The key design choice: each law requires evidence. “I think users want this” doesn’t count as Demand Gravity. You need search volume, waitlists, competitor traction, or people paying for bad alternatives. If you can’t produce evidence, the law defaults to Fighting or worse - absence of evidence is not evidence of absence.

A worked example

Here’s a real run. The question: should a small AI startup build their own vector database instead of using Pinecone?

Causal chain:

  1. We build a custom vector DB → because off-the-shelf vendors are “too expensive at scale”
  2. Which causes our cost-per-query to drop below Pinecone’s → because we control the storage layer
  3. Which leads to better gross margins → because inference costs dominate our P&L
  4. Which results in a healthier unit economics story for the Series A

Weak links the Toddler Test flags:

  • 1 → 2: “cost drops below Pinecone” - at what query volume? We’re at 50k queries/month. Pinecone’s free tier covers this.
  • 2 → 3: “better gross margins” - vector storage is currently 3% of our costs. LLM API calls are 82%. We’re optimizing the wrong line.

Scorecard:

LawRatingEvidence
Demand GravityBrokenNo customer has ever asked about our vector backend
Competitive GravityBrokenPinecone ($100M+ raised), Weaviate, Qdrant, pgvector. “We’ll execute better” is velocity, not gravity
Hard ConstraintsBrokenANN correctness + persistence + multi-tenancy is a multi-year problem. 2-month horizon is the table
Org InertiaBrokenNobody on the team has built a database. “We’ll learn” is force hallucination
Entropy & EconomicsBrokenBuild: 8 person-months. Buy: $200/month. Payback is infinite at our scale

Verdict: KILL.

Five of six laws are Broken. The plan fails the demand law alone (no one asked), which triggers KILL regardless of the others. This is a classic cost-optimization pitch masquerading as something it isn’t - sunk-cost-of-ego dressed up as unit economics.

The single biggest risk, stated plainly: “We will spend two months building infrastructure nobody asked for, miss our Series A milestone because we stopped shipping user-facing features, and still not match Pinecone’s correctness on our first release.”
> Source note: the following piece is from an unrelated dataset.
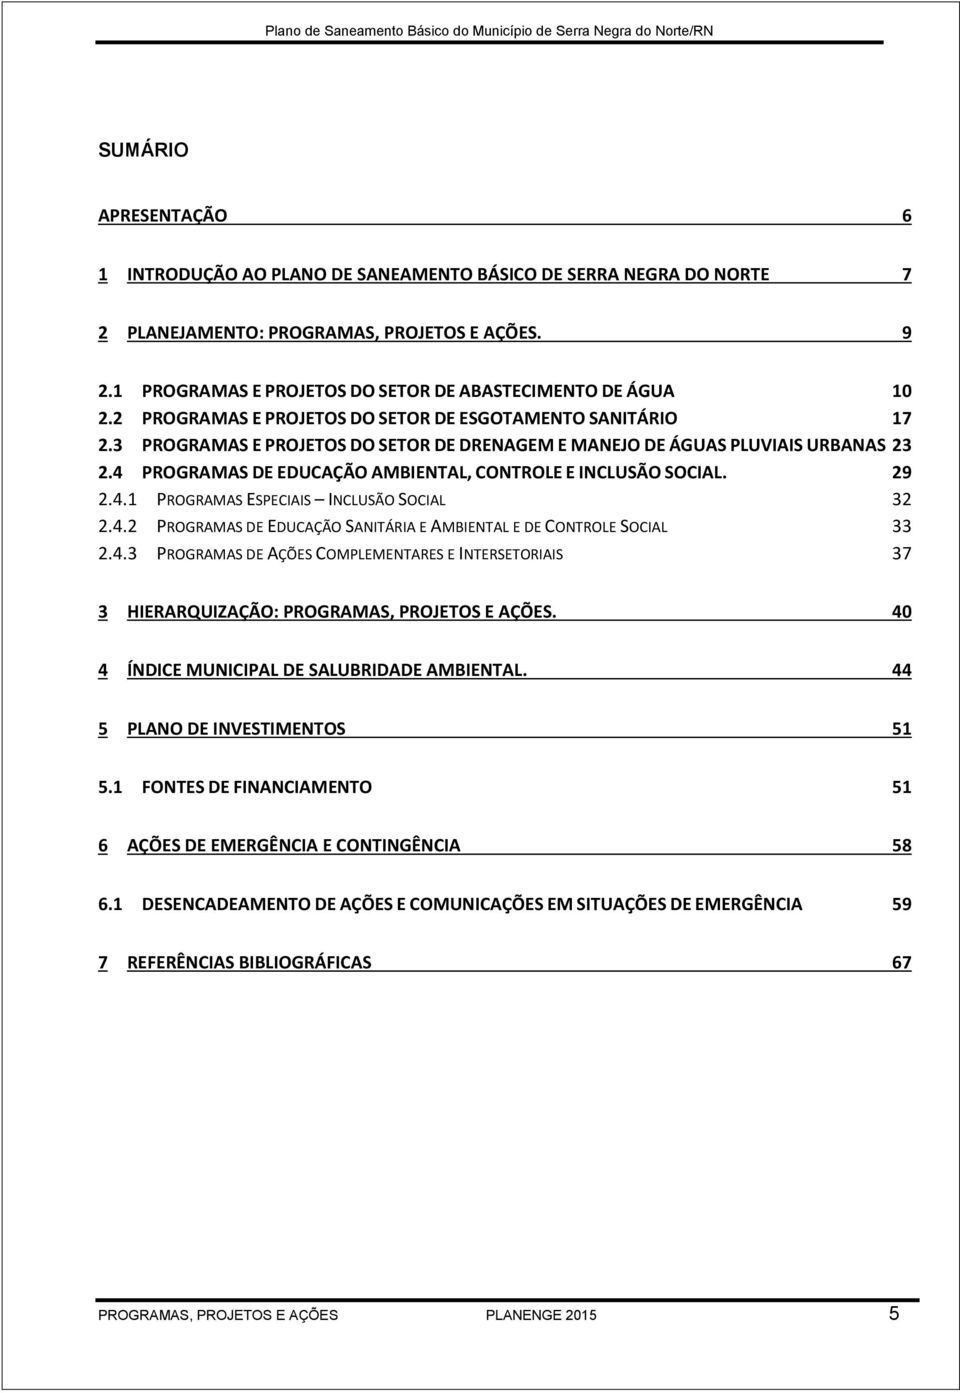 3 PROGRAMAS E PROJETOS DO SETOR DE DRENAGEM E MANEJO DE ÁGUAS PLUVIAIS URBANAS 23 2.4 PROGRAMAS DE EDUCAÇÃO AMBIENTAL, CONTROLE E INCLUSÃO SOCIAL. 29 2.4.1 PROGRAMAS ESPECIAIS INCLUSÃO SOCIAL 32 2.4.2 PROGRAMAS DE EDUCAÇÃO SANITÁRIA E AMBIENTAL E DE CONTROLE SOCIAL 33 2.

That’s the kind of output Jensen Way is meant to produce. Short, directly grounded in arithmetic and named competitors, falsifiable. When the report gets long and hand-wavy, the physics are being hidden.

Installing it

Jensen Way is a single Markdown file. It ships as an Anthropic Agent Skill but works with any AI coding assistant that reads context files - Claude Code, Cursor, Codex, Windsurf, Aider, Copilot, you name it.

Claude Code (one-line install):

/plugin marketplace add agentoptics/jensen-way

Cursor / Windsurf / any tool with a rules file:

curl -o .cursorrules \
  https://raw.githubusercontent.com/agentoptics/jensen-way/main/skills/jensen-way/SKILL.md

(For Windsurf, rename to .windsurfrules. For Codex, use AGENTS.md. Same content, different filename.)

Or just drop it into any project:

mkdir -p .claude/skills/jensen-way
curl -o .claude/skills/jensen-way/SKILL.md \
  https://raw.githubusercontent.com/agentoptics/jensen-way/main/skills/jensen-way/SKILL.md

Then ask any assistant:

Evaluate whether we should build [your idea]. Use the Jensen Way framework.

If you run Jensen Way on a real decision - build or kill - I’d love to see the writeup. Open an issue on the repo.

Jensen was describing robots. The framing turned out to also describe product plans, which is maybe the point - the laws of physics don’t care what you’re building, only whether your plan obeys them.